Quick Start Guide

Current Release: v2.3.0

Step 1: Bootstrap DevSpark

Open a chat with your AI agent inside the target repository and paste the command for your agent:

GitHub Copilot

@workspace Follow the instructions at https://raw.githubusercontent.com/markhazleton/devspark/main/quickstart/devspark_quickstart_copilot.md

Claude Code

Follow the instructions at https://raw.githubusercontent.com/markhazleton/devspark/main/quickstart/devspark_quickstart_claudecode.md

Cursor

Follow the instructions at https://raw.githubusercontent.com/markhazleton/devspark/main/quickstart/devspark_quickstart_cursor.md

Codex

Follow the instructions at https://raw.githubusercontent.com/markhazleton/devspark/main/quickstart/devspark_quickstart_codex.md

For Codex-specific workflow guidance, see DevSpark and Codex.

Any Other Agent

Follow the instructions at https://raw.githubusercontent.com/markhazleton/devspark/main/quickstart/devspark_quickstart_generic.md

The agent first asks only the install-critical questions, checks for existing DevSpark or legacy layouts, and only asks for project name, tech stack, and core principles when a constitution still needs to be created. No CLI required.

Need terminal-driven setup or execution? See Other Ways to Get Started for CLI installation options, then use the runtime guidance in Harness Engineering.


Step 2: Build Your First Feature

Once bootstrapped, run these slash commands in your AI agent's chat.

2a. Define Your Constitution

/devspark.constitution Security-first. TDD required. All public APIs must have documentation.

2b. Create the Spec

Describe what you want to build and why -- no tech stack yet. Keep it product-focused.

/devspark.specify Build a photo album organizer. Albums grouped by date, drag-and-drop reordering, tile-based photo previews.

/devspark.specify is route-aware. It recommends a one-off fix, quick spec, or full spec path, explains why, and asks you to confirm before it creates artifacts.

Anti-pattern: /devspark.specify Build a React app with Redux and PostgreSQL for photo management -- this locks you into a solution before the problem is fully understood.

2c. Refine the Spec (Optional)

Ask about user needs and constraints, not implementation details.

/devspark.clarify Focus on security and performance requirements.

Anti-pattern: /devspark.clarify Should we use WebSockets or SSE? -- save technology choices for the plan phase.

2d. Create the Implementation Plan

Now provide your tech stack. The plan translates product requirements into architecture.

/devspark.plan Use Vite with vanilla HTML/CSS/JS. Images stored locally, metadata in SQLite.

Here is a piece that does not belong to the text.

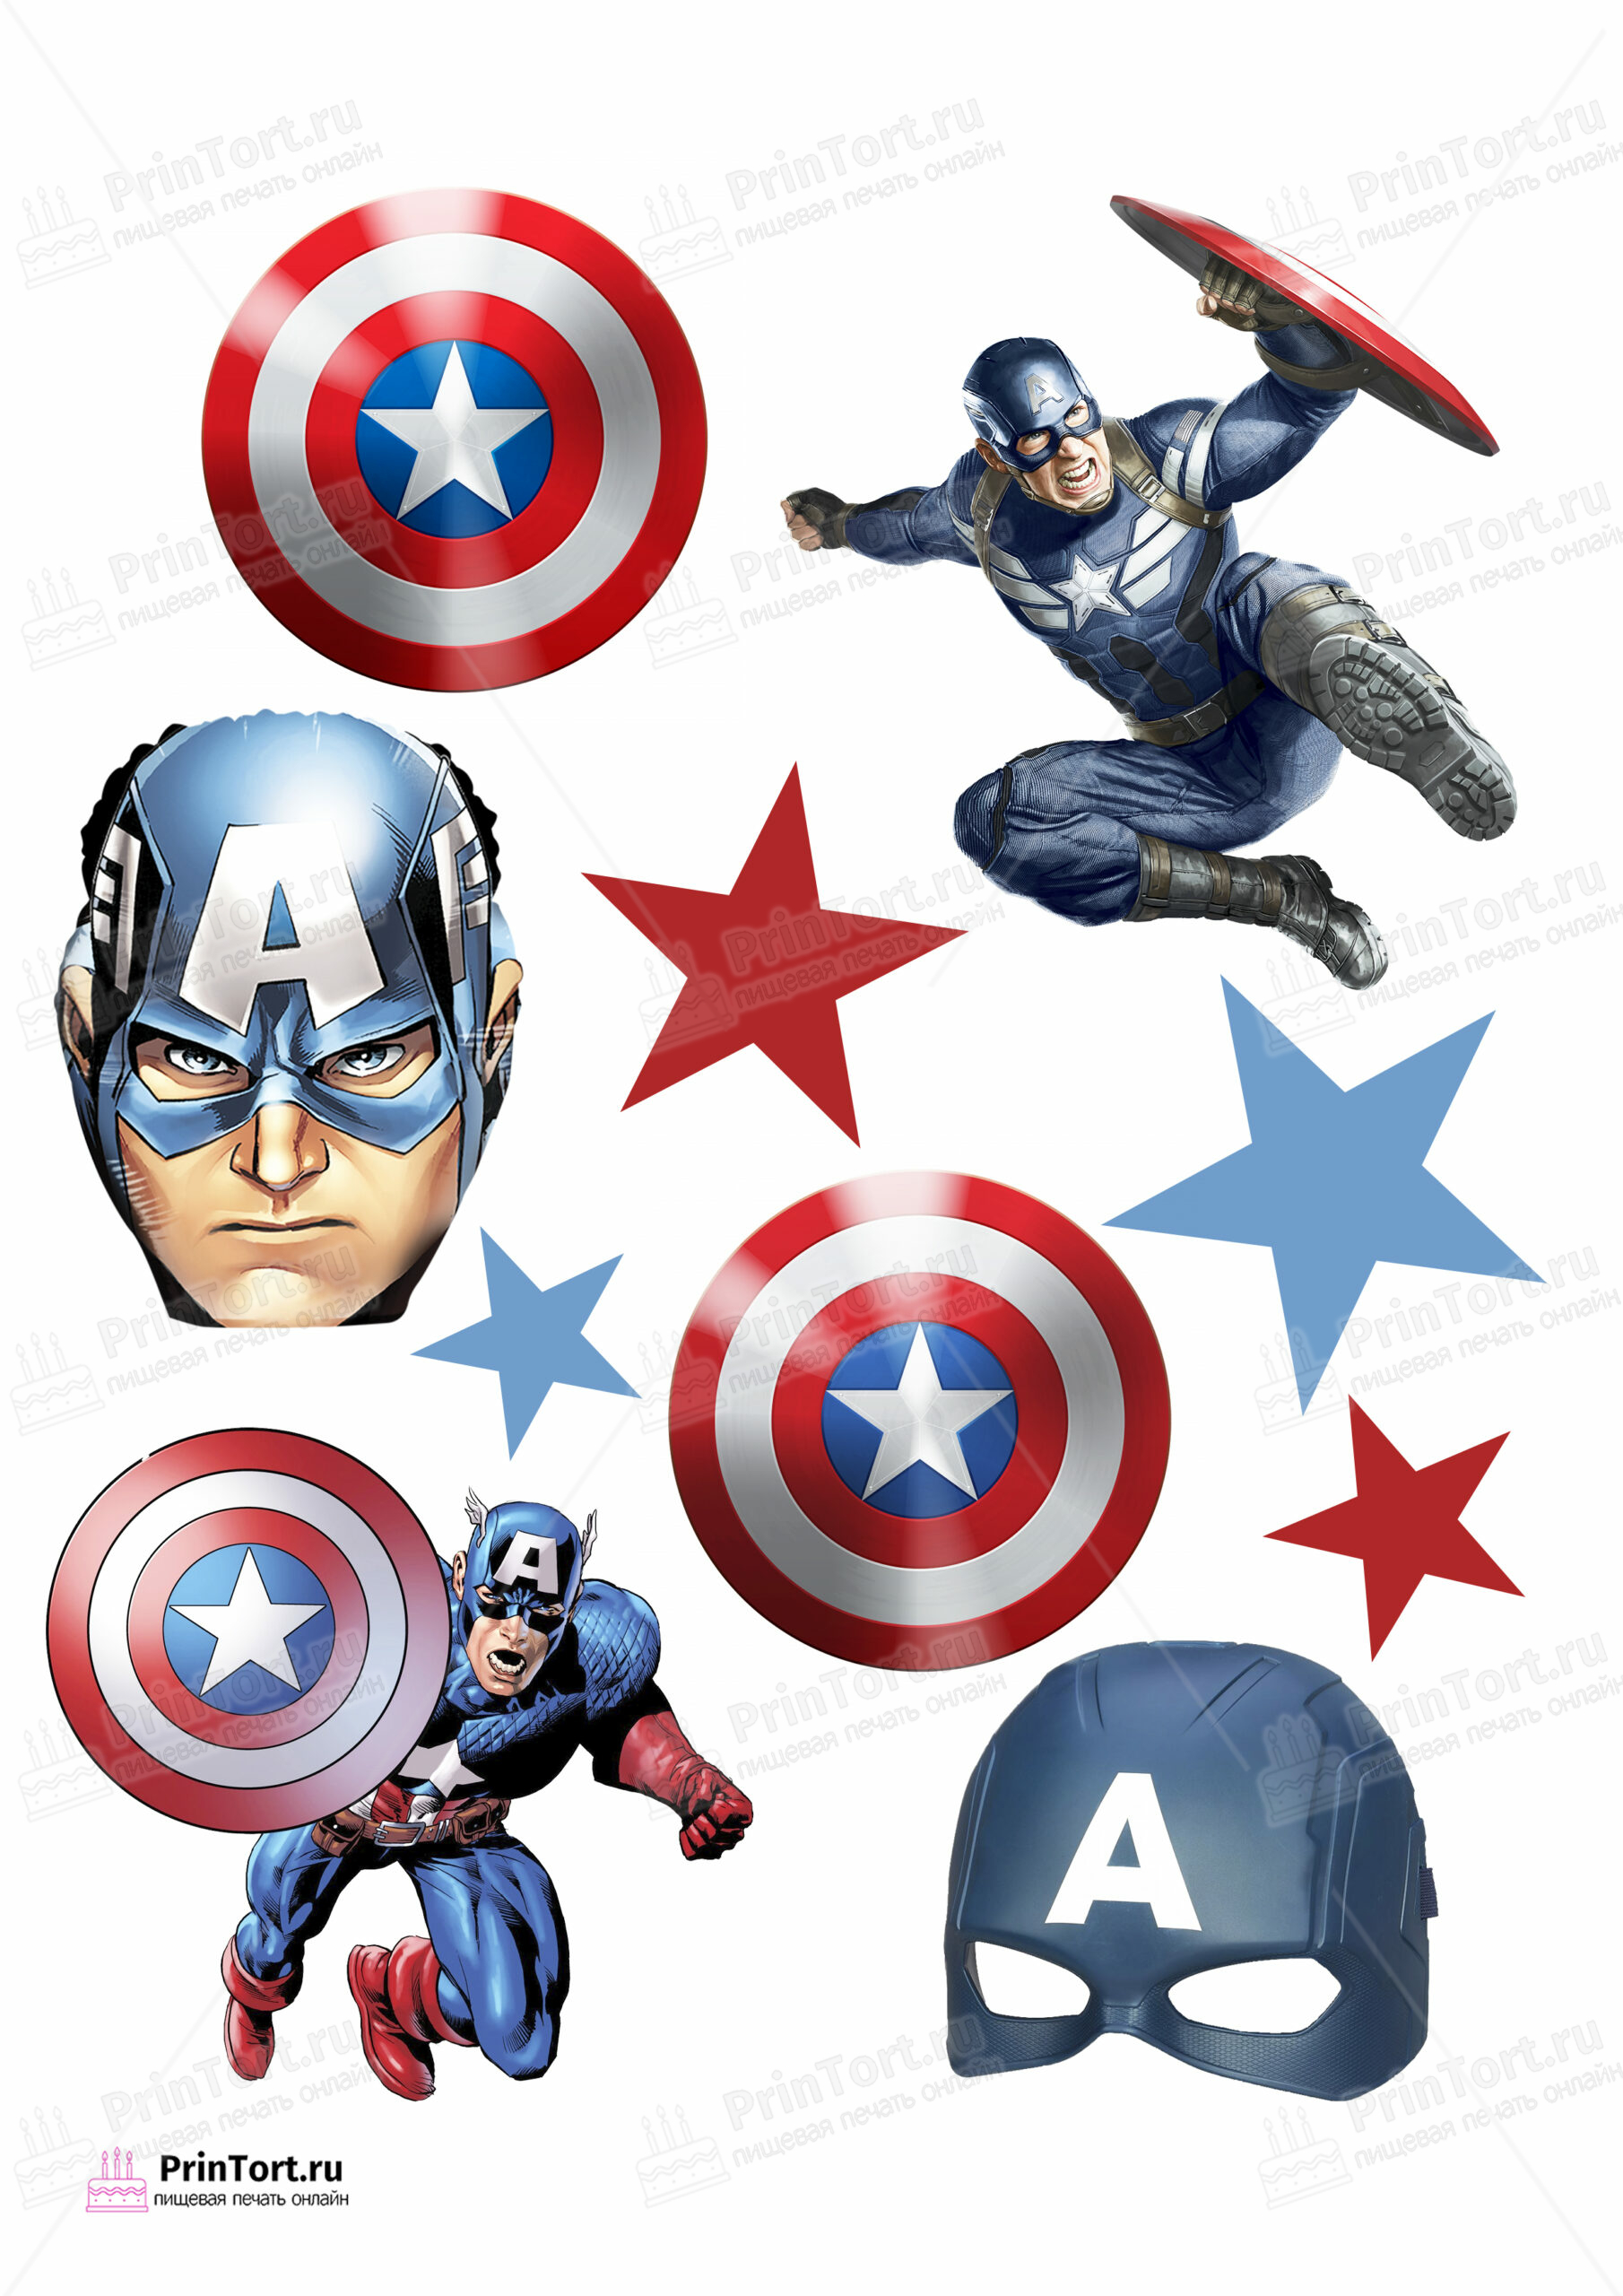 Картинка для торта Капитан Америка (Captain America) - PT103824 печать на  сахарной пищевой бумаге

2e. Generate Tasks and Implement

/devspark.tasks

Optionally validate first with /devspark.analyze or /devspark.critic, then:

/devspark.implement

Step 3: Review and Release

After implementation completes (spec status becomes Complete), draft the PR and review it:

/devspark.create-pr
/devspark.pr-review

If you push more commits after review feedback or a rebase, refresh the description with /devspark.update-pr before re-reviewing.

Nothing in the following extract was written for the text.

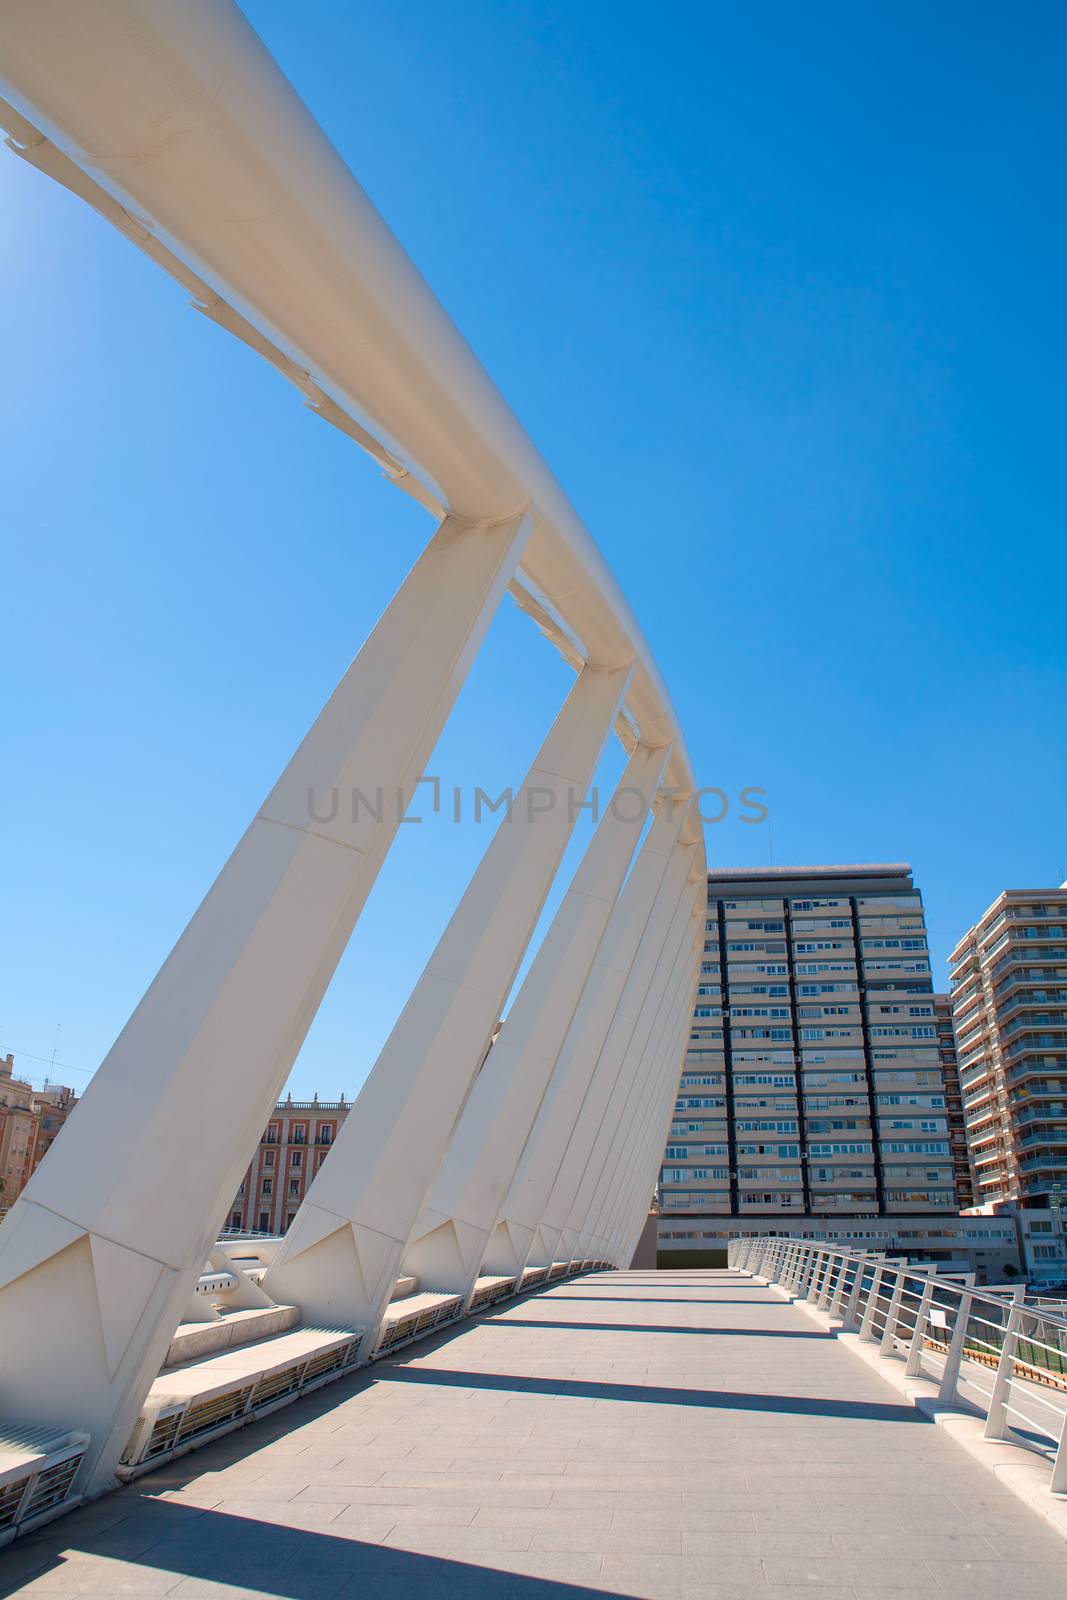 Valencia puente de Exposicion bridge in Alameda Spain

The review checks that the spec is Complete and all tasks are done before recommending approval. Merge the PR after approval.

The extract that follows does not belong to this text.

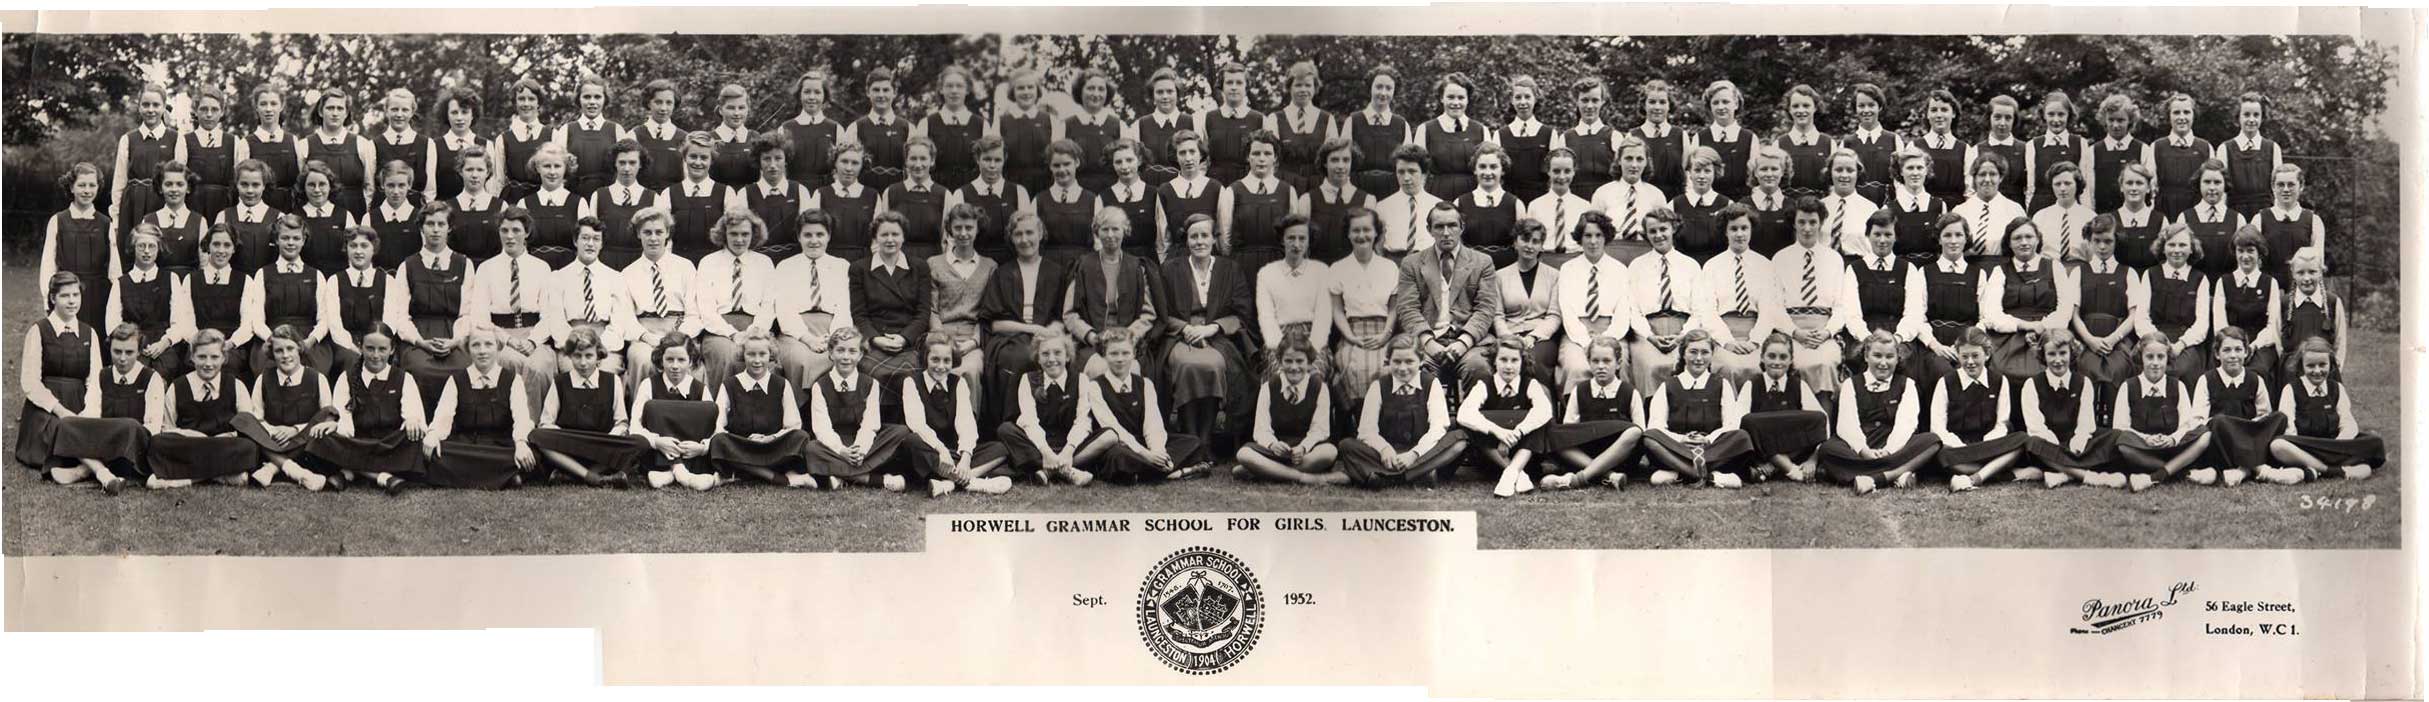 Horwell Girls Grammar School in 1952. Photo courtesy of Ann Caddick.

At the end of the sprint, archive completed specs and generate release notes:

/devspark.release

See Implementation Lifecycle for the full spec status lifecycle and sprint cadence.


What's Next

Strict Harness Path

For delivery-integrity focused execution, use the strict harness template and run with an explicit write-capable adapter:

devspark harness run sample.harness.yaml --hands-off --adapter claude_code

If the latest run is not create-pr ready, inspect decision-packet.json and no-change-explainer.md before continuing.